A more effective approach avoids problems altogether, or at least minimizes their occurrence. If everyone in the group understands how interpersonal communications can fail, they can frame their communications to avoid problems.
Participants learn a model of interpersonal communications that can help them stay out of the ditches. Virginia Satir, a pioneering family therapist who applied systems thinking to the study of human relationships, originated the model. It provides a new understanding of how communications can go wrong and how to keep them right.
Understanding, though, is not enough. We must have access to what we know in the moment, when we’re deeply involved intellectually and emotionally.

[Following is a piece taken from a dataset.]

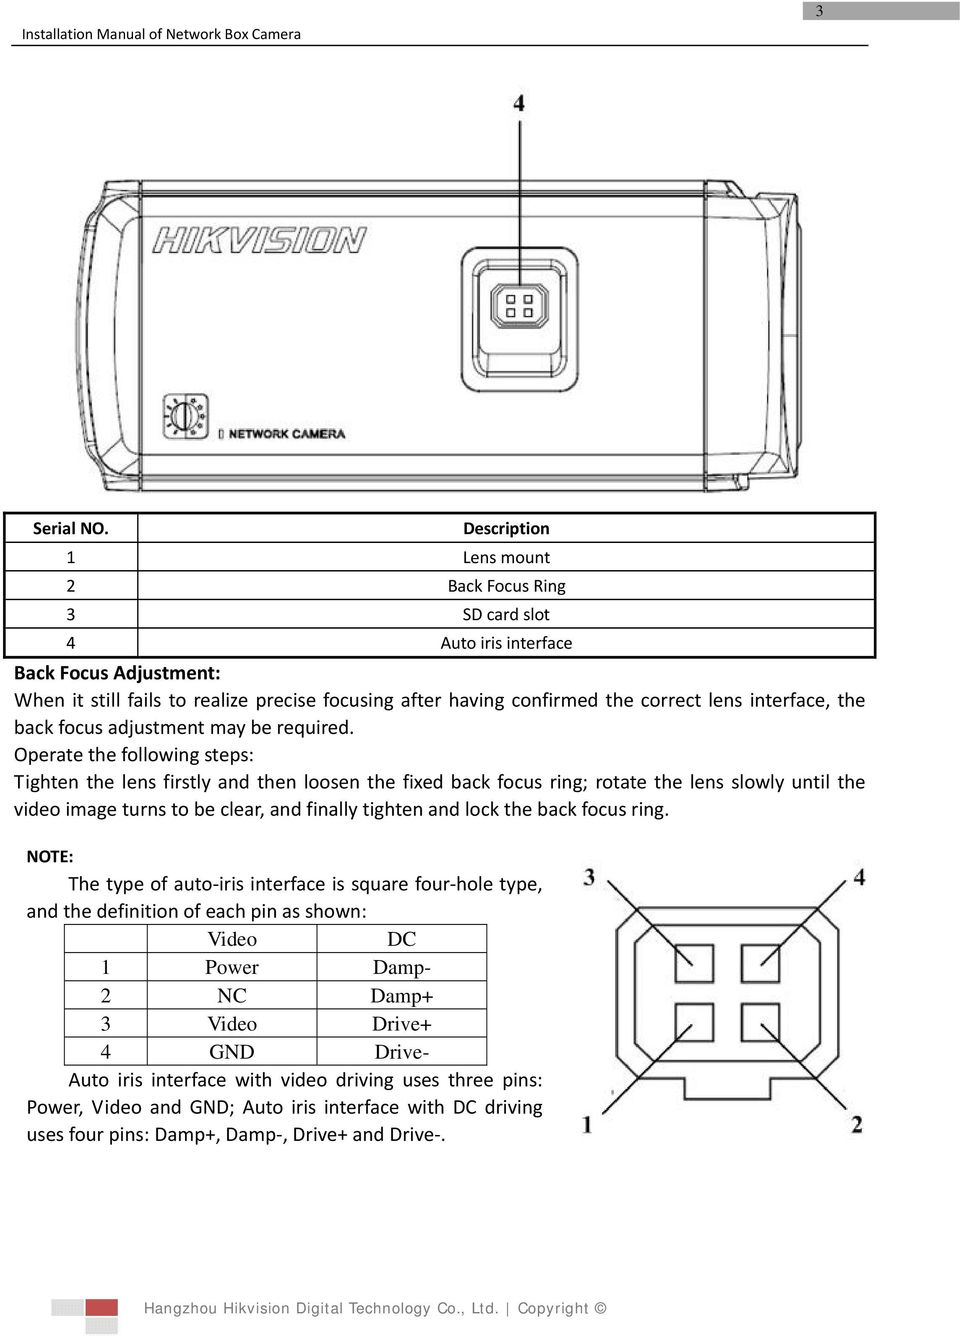 Network Box Camera Installation Manual

In those moments of intense involvement, we’re most likely to slip, and least likely to remember what we’ve learned. That’s why we use an interactive learning model in this Session. We emphasize communication under stress, where the most expensive failures occur. We’ll learn to appreciate that it’s far easier to avoid damage than to repair it once it’s done.
Of all the stressful situations we encounter at work, one of the most difficult is saying no to power. We’ll show how to apply the models and techniques we learn to that very tricky class of situations.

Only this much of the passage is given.